Data provided section start
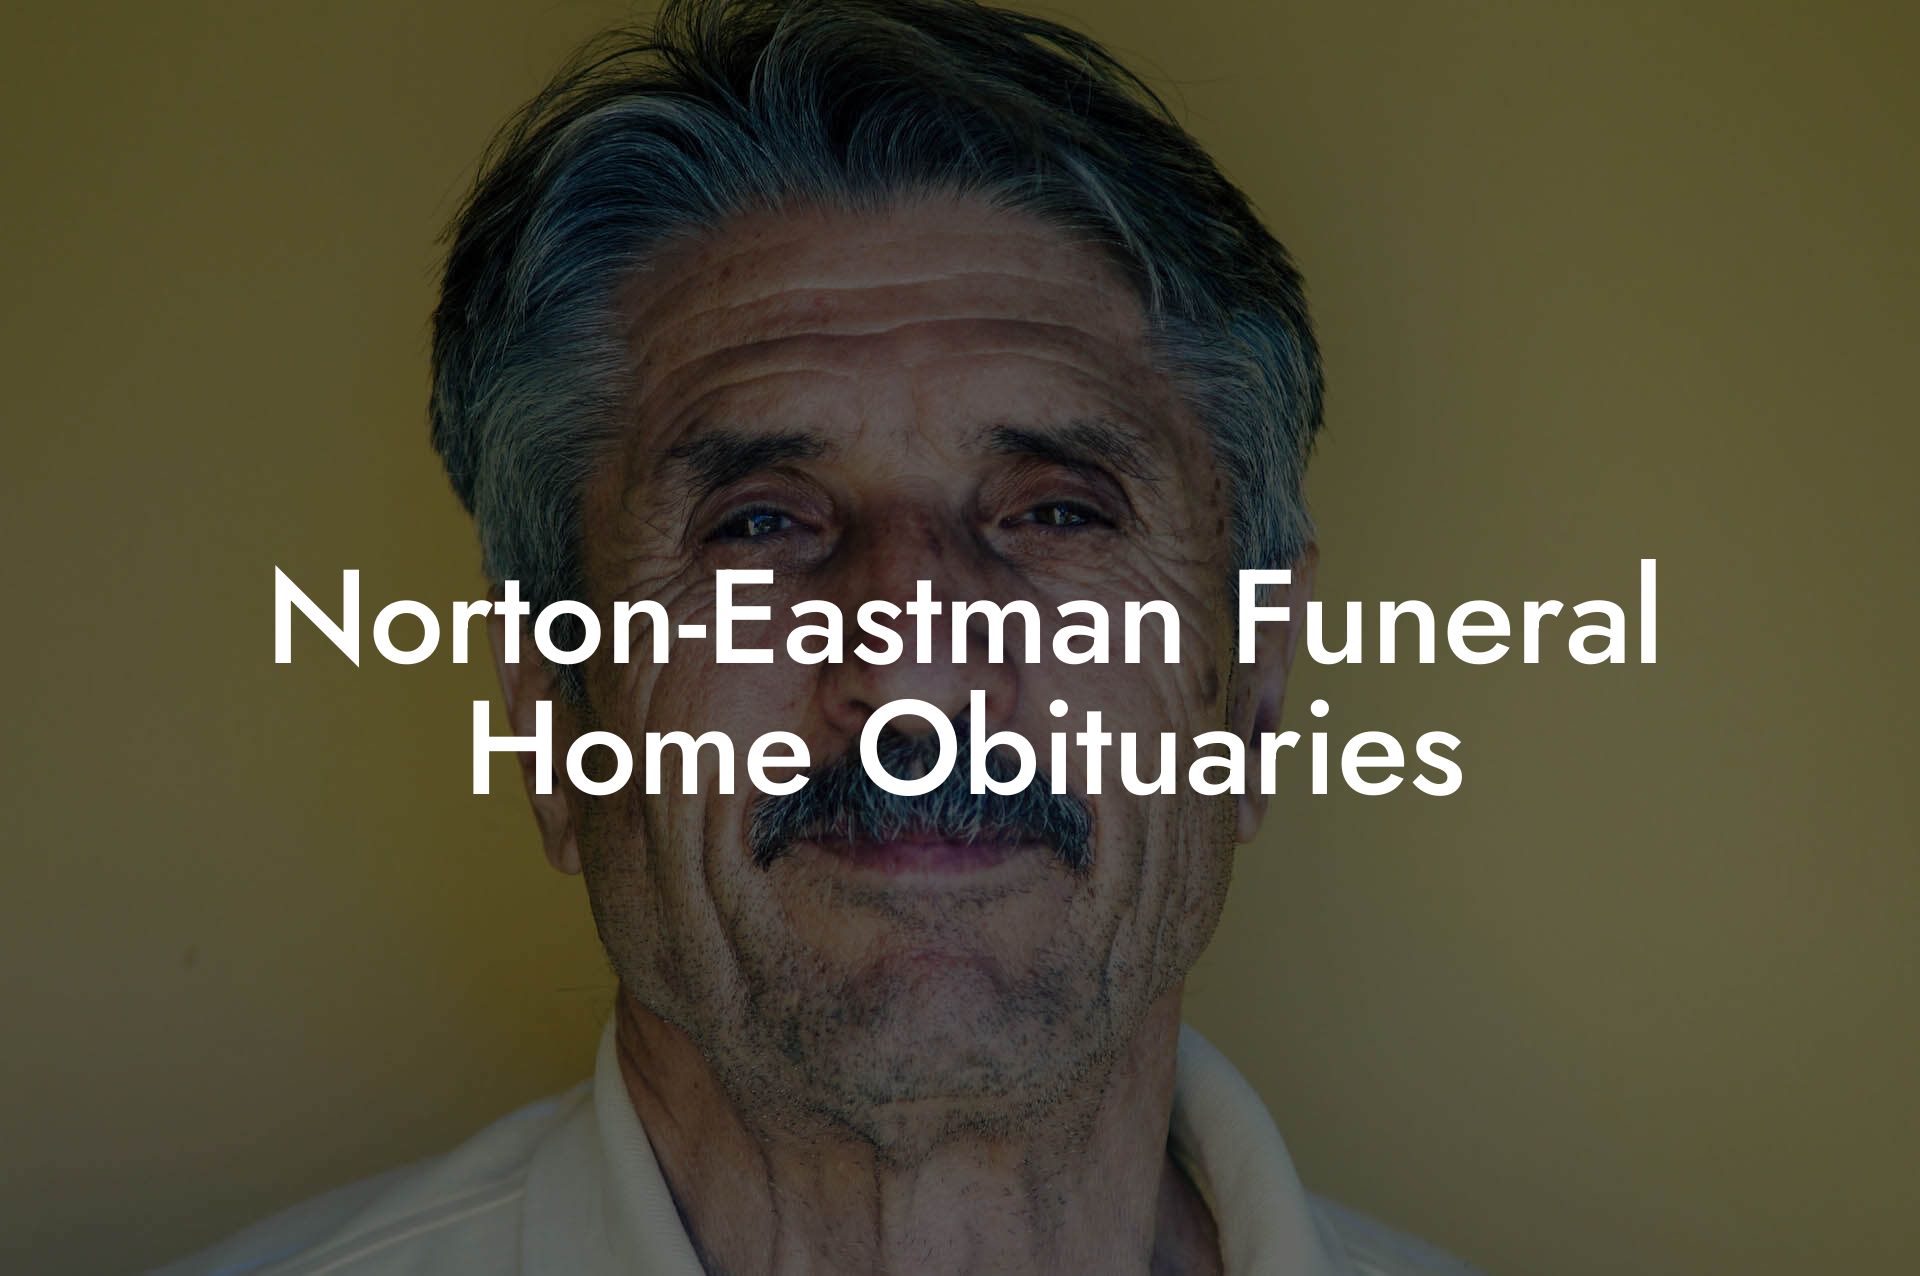 Norton-Eastman Funeral Home Obituaries
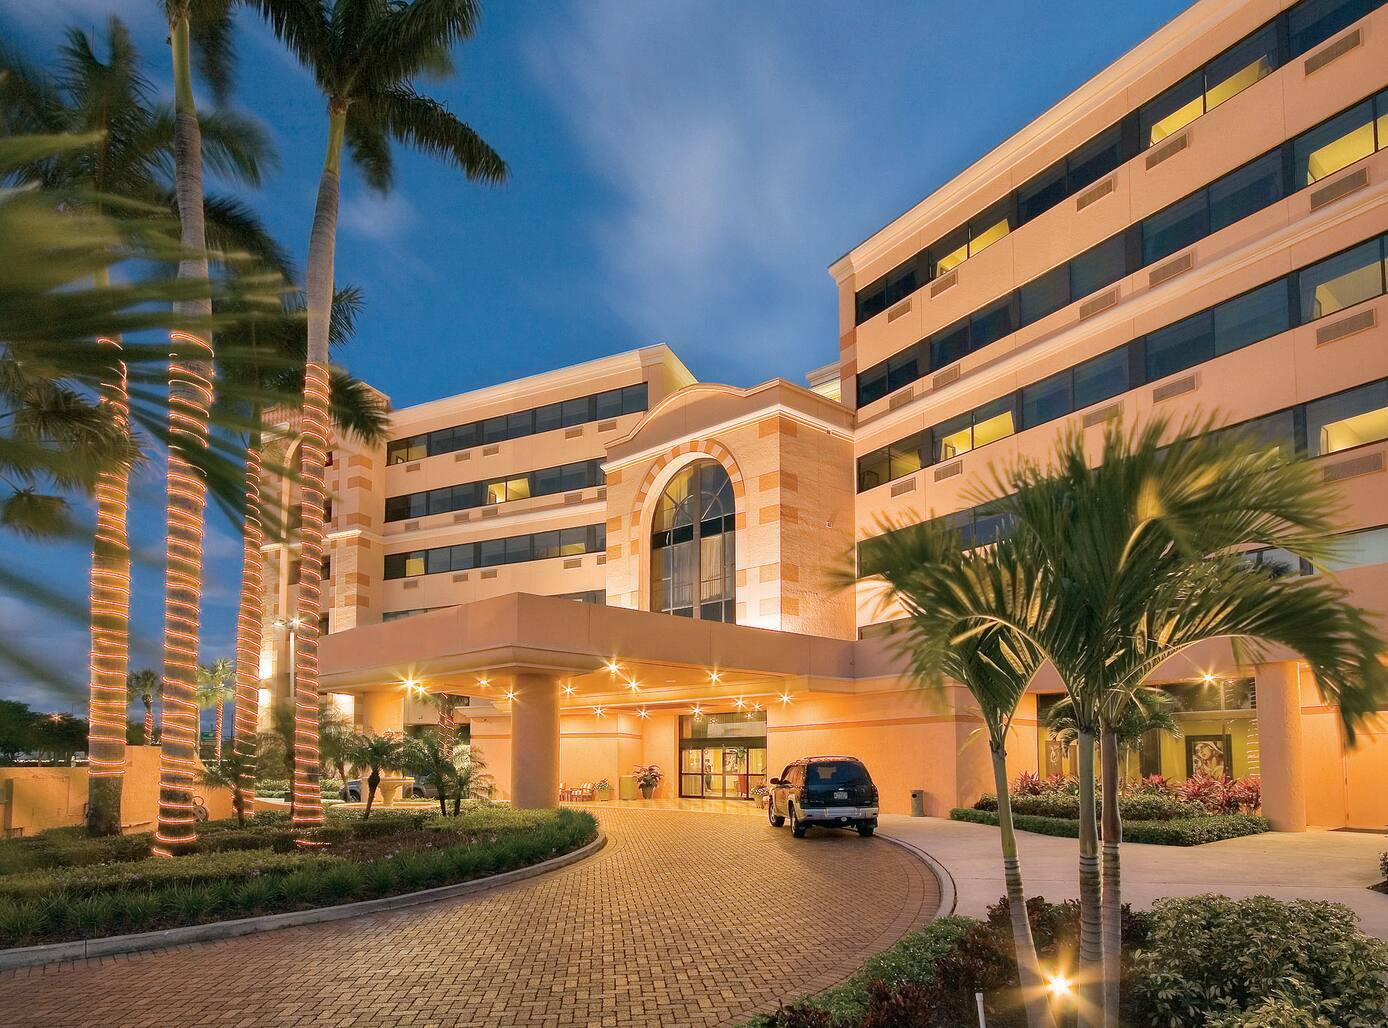 Photo of DoubleTree by Hilton Hotel West Palm Beach Airport, West Palm Beach, FL
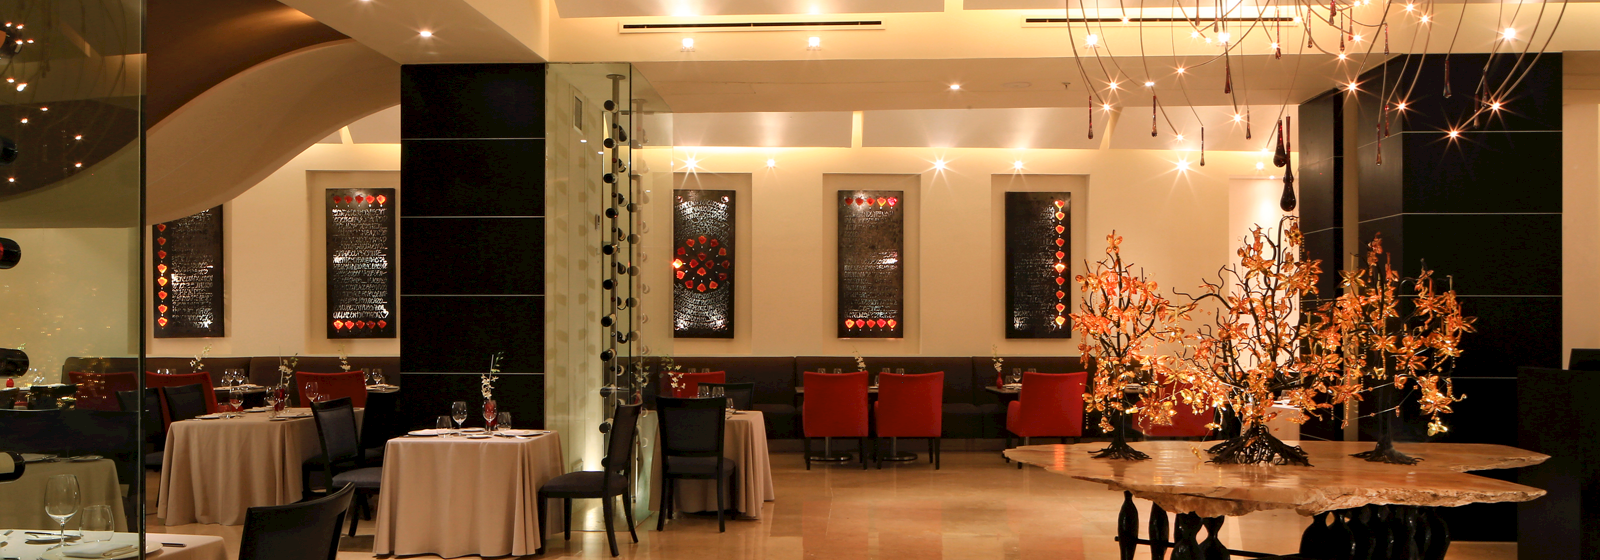 Piaf Restaurant of Grand Velas Riviera Nayarit
Data provided section end
◆ Try it
Omit pictures; set down the rest of the material word for word.

◆ Worked solution
 Norton-Eastman Funeral Home Obituaries
 Photo of DoubleTree by Hilton Hotel West Palm Beach Airport, West Palm Beach, FL
 Piaf Restaurant of Grand Velas Riviera Nayarit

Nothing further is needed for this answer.